MIAMI — Gov. Sarah Palin of Alaska did something here on Thursday that she did not do in her entire campaign as the Republican Party’s vice presidential nominee: she stood behind a lectern and held a news conference. She was asked what had changed.

“The campaign is over,” she said.

Granted, the question and answer session lasted only four minutes, and for only four questions. As she stood on a stage in a hotel overlooking Biscayne Bay, surrounded by 12 fellow governors, Ms. Palin was asked what message she hoped to get across.

“I’m trying to convey the message that Republican governors are a unique team,” said Ms. Palin, who said she was uninterested in discussing the campaign.

But Ms. Palin did allow herself a look back after the brief news conference ended, as she addressed a session of the Republican Governors Association and told them that she had managed to keep busy since their last conference.

“I had a baby, I did some traveling, I very briefly expanded my wardrobe, I made a few speeches, I met a few VIPS, including those who really impact society, like Tina Fey,” she said.

And yes, she spoke again of “Joe the Plumber,” the Ohio man who briefly dominated the McCain-Palin campaign and its talk about taxes.

Ms. Palin thanked the people who attended her rallies, including young women she hopes she has influenced.
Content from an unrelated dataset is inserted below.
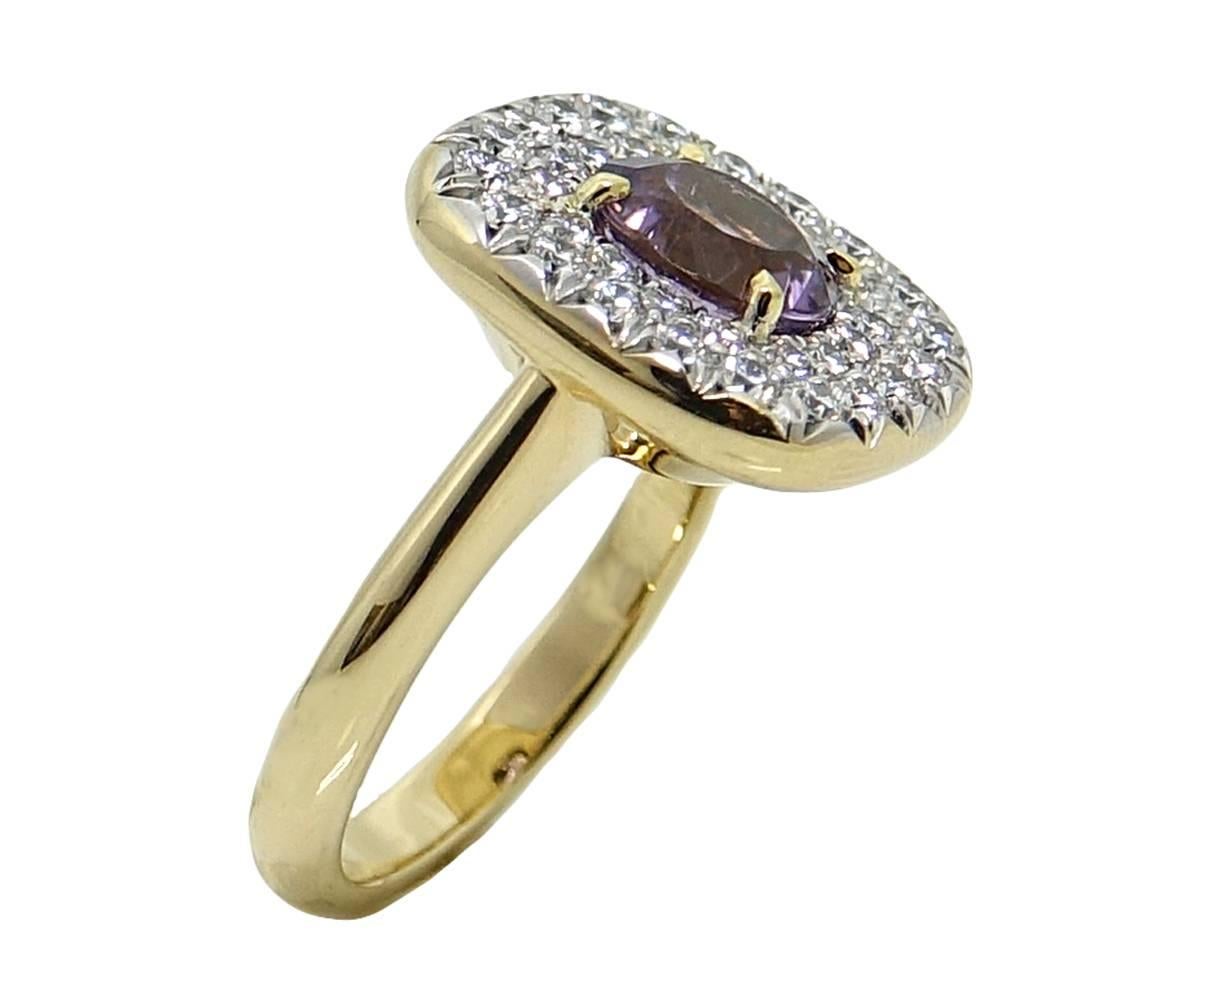 This Sparkling 18K Yellow Gold Ring Has An Eye Catching Round Lilac Tourmaline Stone Weighing A Total Carat Weight Of 1.83 Carats. Diamonds Surround The Tourmaline and Weigh A Total Carat Weight Of .92 Carats. This Lovely Ring Is A Size 6.
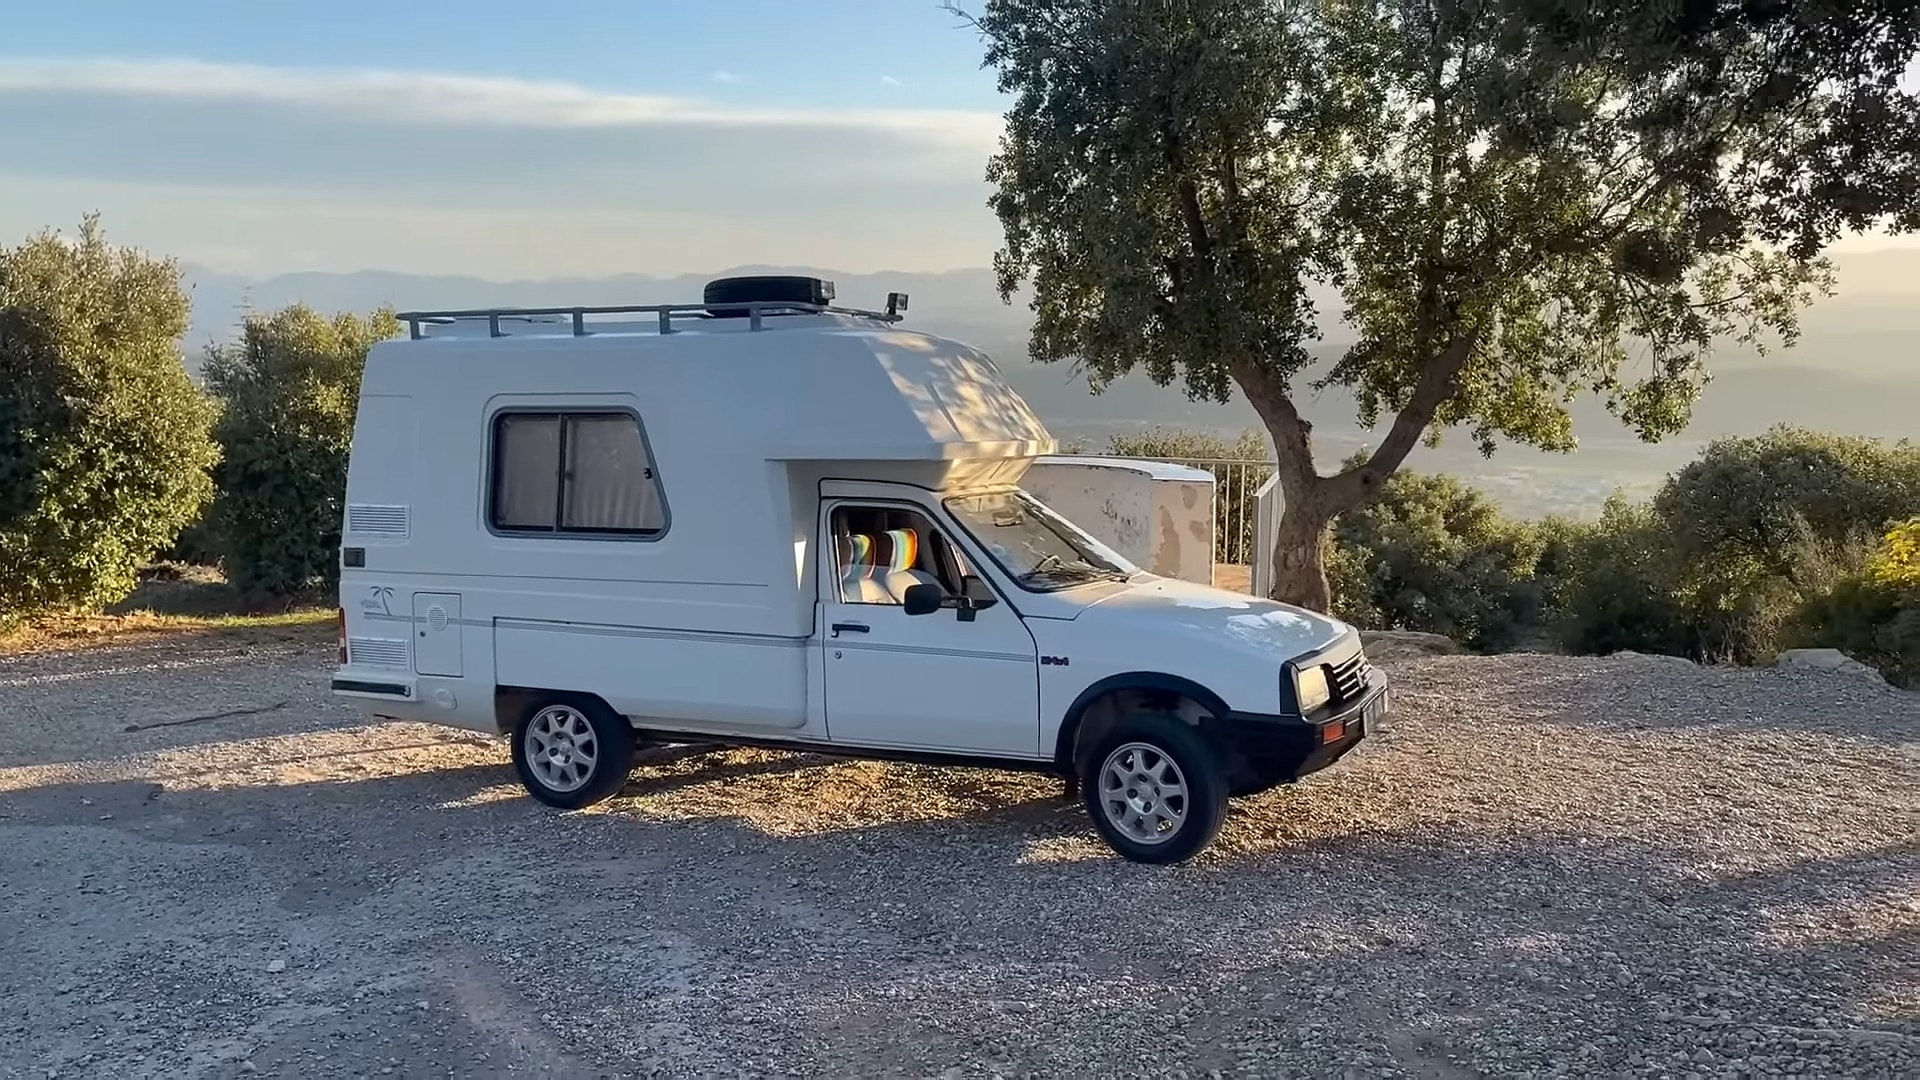 1990 Citroen C15 Autostar Is a Tiny Home on Wheels and the Last of

“I am going to remember all the young girls who came up to me at rallies to see the first woman having the privilege of carrying our party’s VP nomination,” she said. “We’re going to work harder, we’re going to be stronger, we’re going to do better and one day, one of them will be the president.”

That raised again the question surrounding Ms. Palin since the election ended: will she run in 2012?

“The future is not that 2012 Presidential race, it’s next year and our next budgets,” she said. It is in 2010, she said, that “we’ll have 36 governors positions open.”

Ms. Palin tried to downplay her celebrity (even after a week in which she was featured in interviews on NBC, FOX News and CNN). In her speech, she tried to change the focus from herself to the work that Republican governors must now do, including developing energy resources to health care reform.

“I am not going to assume that the answer is for the federal government to just take it over and try to run America’s health care system,” Ms. Palin said. “Heaven forbid.”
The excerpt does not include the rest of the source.